ABOUT THIS EXERCISE:
Only the lines below between the ones containing "Юли 2020 ще" and "ULTARVID Leica Ultravid", inclusive, are to be reproduced, each exactly as it stands.

INPUT DATA:

····················

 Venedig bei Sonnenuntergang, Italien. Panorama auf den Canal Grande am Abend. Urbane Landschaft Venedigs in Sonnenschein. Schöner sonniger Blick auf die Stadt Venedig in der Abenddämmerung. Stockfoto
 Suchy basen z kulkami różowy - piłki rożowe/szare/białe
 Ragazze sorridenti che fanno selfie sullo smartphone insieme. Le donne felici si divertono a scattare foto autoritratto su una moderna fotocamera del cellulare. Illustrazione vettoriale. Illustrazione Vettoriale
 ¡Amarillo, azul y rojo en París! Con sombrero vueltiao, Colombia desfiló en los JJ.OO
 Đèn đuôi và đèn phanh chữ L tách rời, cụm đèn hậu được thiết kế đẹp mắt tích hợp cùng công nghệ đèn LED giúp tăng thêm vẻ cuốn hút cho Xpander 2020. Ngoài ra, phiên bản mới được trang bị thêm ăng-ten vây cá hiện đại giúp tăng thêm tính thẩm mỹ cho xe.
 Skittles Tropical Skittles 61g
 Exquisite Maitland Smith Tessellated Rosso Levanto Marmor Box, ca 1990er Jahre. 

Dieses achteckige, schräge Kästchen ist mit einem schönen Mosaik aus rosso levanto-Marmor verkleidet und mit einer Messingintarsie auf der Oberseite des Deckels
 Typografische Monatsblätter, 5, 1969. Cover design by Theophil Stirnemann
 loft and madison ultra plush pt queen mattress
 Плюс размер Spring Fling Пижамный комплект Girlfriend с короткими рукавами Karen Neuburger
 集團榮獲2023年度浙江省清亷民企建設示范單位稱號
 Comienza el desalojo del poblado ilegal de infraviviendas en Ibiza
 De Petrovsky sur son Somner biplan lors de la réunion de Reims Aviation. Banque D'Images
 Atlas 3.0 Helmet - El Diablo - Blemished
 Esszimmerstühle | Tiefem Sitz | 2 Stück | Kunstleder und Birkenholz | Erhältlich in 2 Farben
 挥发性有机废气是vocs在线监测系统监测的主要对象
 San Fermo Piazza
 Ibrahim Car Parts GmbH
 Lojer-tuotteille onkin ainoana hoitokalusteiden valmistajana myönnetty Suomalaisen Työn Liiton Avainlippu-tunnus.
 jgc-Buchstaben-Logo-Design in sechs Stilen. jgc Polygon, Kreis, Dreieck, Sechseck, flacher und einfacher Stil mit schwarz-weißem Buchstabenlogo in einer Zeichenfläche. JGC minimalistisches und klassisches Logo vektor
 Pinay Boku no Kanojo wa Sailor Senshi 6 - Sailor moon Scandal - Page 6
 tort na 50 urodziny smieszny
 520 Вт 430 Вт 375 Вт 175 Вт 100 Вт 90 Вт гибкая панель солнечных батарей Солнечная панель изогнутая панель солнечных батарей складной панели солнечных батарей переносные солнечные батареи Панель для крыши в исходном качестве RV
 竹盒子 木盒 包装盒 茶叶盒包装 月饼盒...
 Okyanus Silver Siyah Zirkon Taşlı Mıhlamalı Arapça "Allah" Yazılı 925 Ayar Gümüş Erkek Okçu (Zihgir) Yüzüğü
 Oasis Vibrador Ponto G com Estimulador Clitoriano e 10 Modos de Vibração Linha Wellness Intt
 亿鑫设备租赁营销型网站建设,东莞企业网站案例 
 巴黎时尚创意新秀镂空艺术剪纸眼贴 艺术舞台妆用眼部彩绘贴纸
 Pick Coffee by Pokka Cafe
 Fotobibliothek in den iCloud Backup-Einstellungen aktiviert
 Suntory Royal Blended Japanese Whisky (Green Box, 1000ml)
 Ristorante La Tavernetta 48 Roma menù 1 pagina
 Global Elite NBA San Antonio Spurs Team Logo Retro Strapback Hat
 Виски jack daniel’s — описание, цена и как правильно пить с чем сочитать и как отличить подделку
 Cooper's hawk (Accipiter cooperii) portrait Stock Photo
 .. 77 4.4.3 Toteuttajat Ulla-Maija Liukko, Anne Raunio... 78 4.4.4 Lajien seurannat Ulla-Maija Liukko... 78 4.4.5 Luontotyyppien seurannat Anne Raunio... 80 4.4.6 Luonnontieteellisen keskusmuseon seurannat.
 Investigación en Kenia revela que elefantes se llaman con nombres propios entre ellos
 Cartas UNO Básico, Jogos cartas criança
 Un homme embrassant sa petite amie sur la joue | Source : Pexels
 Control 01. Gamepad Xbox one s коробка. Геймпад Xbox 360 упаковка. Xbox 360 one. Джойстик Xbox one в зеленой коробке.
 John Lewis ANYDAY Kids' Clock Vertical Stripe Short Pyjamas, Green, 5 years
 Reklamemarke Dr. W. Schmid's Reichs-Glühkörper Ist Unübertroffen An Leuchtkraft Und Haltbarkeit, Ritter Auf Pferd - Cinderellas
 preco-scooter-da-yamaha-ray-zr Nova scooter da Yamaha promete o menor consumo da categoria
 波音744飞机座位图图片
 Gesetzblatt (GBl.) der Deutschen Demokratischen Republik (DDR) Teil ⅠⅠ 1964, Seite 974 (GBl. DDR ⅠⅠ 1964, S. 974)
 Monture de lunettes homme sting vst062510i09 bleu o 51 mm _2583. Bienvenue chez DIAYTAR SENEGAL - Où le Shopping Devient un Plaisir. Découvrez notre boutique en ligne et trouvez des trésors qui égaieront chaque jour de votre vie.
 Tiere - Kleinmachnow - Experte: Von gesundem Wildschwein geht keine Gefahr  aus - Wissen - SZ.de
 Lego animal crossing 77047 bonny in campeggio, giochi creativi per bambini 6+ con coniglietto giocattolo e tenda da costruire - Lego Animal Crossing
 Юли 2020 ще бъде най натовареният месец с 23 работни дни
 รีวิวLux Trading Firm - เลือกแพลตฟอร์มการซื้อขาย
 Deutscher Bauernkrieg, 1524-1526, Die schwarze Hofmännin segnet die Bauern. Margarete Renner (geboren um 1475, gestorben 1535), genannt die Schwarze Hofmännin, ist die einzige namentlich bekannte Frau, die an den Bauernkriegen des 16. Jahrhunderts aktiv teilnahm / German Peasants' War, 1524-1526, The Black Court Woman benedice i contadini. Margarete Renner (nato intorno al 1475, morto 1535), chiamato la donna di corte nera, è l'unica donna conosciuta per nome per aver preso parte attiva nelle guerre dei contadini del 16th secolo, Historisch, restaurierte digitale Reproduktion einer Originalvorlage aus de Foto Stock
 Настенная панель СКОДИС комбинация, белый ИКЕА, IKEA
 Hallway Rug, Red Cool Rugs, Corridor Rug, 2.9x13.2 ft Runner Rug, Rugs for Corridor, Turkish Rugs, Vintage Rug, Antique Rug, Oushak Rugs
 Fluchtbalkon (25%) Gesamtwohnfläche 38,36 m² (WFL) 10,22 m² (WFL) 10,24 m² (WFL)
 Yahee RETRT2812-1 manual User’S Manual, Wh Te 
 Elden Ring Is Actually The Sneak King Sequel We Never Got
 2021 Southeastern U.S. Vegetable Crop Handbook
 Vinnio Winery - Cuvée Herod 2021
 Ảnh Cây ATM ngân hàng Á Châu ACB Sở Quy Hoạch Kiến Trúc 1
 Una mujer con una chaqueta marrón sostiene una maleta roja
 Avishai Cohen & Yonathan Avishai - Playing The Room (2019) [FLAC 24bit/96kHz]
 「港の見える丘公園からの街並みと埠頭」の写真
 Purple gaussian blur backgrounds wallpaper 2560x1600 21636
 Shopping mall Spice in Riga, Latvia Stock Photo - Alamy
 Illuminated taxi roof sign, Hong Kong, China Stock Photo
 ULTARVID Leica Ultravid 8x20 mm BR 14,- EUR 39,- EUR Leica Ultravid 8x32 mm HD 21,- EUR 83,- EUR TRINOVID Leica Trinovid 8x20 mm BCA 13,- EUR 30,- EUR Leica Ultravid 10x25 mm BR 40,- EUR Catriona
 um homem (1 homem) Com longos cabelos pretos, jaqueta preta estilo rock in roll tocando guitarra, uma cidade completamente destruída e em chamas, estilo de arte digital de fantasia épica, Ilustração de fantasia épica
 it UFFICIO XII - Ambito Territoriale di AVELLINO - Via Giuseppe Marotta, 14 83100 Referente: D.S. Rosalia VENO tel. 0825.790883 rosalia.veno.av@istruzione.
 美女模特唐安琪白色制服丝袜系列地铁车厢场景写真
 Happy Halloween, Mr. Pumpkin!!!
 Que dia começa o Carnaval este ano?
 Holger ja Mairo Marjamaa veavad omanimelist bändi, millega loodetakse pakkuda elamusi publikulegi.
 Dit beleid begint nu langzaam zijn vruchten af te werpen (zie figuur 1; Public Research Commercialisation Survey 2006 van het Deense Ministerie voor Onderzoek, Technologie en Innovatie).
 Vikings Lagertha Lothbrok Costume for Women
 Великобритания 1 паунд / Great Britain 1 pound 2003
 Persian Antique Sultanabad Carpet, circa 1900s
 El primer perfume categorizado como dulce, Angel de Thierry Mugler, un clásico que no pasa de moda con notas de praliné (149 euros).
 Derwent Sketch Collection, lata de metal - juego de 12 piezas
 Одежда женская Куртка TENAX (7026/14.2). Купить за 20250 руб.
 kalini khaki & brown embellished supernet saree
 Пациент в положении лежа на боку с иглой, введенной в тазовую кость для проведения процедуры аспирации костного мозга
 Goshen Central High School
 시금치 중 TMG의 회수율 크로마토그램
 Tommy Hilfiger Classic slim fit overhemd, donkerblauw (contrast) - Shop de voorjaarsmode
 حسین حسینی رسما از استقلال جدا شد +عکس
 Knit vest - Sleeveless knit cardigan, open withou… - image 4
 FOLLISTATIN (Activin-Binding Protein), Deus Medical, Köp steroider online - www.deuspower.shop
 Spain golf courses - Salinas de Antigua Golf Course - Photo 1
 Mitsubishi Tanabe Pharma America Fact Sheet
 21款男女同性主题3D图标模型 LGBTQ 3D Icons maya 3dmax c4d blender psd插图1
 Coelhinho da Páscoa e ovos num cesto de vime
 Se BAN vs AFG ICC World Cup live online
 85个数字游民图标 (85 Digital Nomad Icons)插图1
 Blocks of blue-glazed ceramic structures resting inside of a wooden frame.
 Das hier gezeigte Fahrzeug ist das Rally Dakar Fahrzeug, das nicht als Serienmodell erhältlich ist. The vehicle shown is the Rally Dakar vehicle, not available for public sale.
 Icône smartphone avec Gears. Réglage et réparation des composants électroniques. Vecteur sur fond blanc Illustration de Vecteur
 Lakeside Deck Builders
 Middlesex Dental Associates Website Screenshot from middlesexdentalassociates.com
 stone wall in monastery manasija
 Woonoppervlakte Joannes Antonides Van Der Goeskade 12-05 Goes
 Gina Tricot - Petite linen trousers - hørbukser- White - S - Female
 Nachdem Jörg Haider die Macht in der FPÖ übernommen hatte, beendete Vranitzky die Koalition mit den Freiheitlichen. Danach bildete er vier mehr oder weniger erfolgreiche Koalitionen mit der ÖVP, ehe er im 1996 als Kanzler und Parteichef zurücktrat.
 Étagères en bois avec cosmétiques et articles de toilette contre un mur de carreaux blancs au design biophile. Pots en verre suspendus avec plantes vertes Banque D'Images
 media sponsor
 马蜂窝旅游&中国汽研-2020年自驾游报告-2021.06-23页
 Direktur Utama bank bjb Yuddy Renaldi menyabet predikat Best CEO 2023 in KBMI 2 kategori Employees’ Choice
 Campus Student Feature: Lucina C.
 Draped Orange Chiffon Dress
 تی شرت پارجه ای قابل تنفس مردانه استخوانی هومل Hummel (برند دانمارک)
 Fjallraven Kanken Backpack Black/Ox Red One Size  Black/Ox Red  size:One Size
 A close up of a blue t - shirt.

····················

TASK RESPONSE:
 Юли 2020 ще бъде най натовареният месец с 23 работни дни
 รีวิวLux Trading Firm - เลือกแพลตฟอร์มการซื้อขาย
 Deutscher Bauernkrieg, 1524-1526, Die schwarze Hofmännin segnet die Bauern. Margarete Renner (geboren um 1475, gestorben 1535), genannt die Schwarze Hofmännin, ist die einzige namentlich bekannte Frau, die an den Bauernkriegen des 16. Jahrhunderts aktiv teilnahm / German Peasants' War, 1524-1526, The Black Court Woman benedice i contadini. Margarete Renner (nato intorno al 1475, morto 1535), chiamato la donna di corte nera, è l'unica donna conosciuta per nome per aver preso parte attiva nelle guerre dei contadini del 16th secolo, Historisch, restaurierte digitale Reproduktion einer Originalvorlage aus de Foto Stock
 Настенная панель СКОДИС комбинация, белый ИКЕА, IKEA
 Hallway Rug, Red Cool Rugs, Corridor Rug, 2.9x13.2 ft Runner Rug, Rugs for Corridor, Turkish Rugs, Vintage Rug, Antique Rug, Oushak Rugs
 Fluchtbalkon (25%) Gesamtwohnfläche 38,36 m² (WFL) 10,22 m² (WFL) 10,24 m² (WFL)
 Yahee RETRT2812-1 manual User’S Manual, Wh Te 
 Elden Ring Is Actually The Sneak King Sequel We Never Got
 2021 Southeastern U.S. Vegetable Crop Handbook
 Vinnio Winery - Cuvée Herod 2021
 Ảnh Cây ATM ngân hàng Á Châu ACB Sở Quy Hoạch Kiến Trúc 1
 Una mujer con una chaqueta marrón sostiene una maleta roja
 Avishai Cohen & Yonathan Avishai - Playing The Room (2019) [FLAC 24bit/96kHz]
 「港の見える丘公園からの街並みと埠頭」の写真
 Purple gaussian blur backgrounds wallpaper 2560x1600 21636
 Shopping mall Spice in Riga, Latvia Stock Photo - Alamy
 Illuminated taxi roof sign, Hong Kong, China Stock Photo
 ULTARVID Leica Ultravid 8x20 mm BR 14,- EUR 39,- EUR Leica Ultravid 8x32 mm HD 21,- EUR 83,- EUR TRINOVID Leica Trinovid 8x20 mm BCA 13,- EUR 30,- EUR Leica Ultravid 10x25 mm BR 40,- EUR Catriona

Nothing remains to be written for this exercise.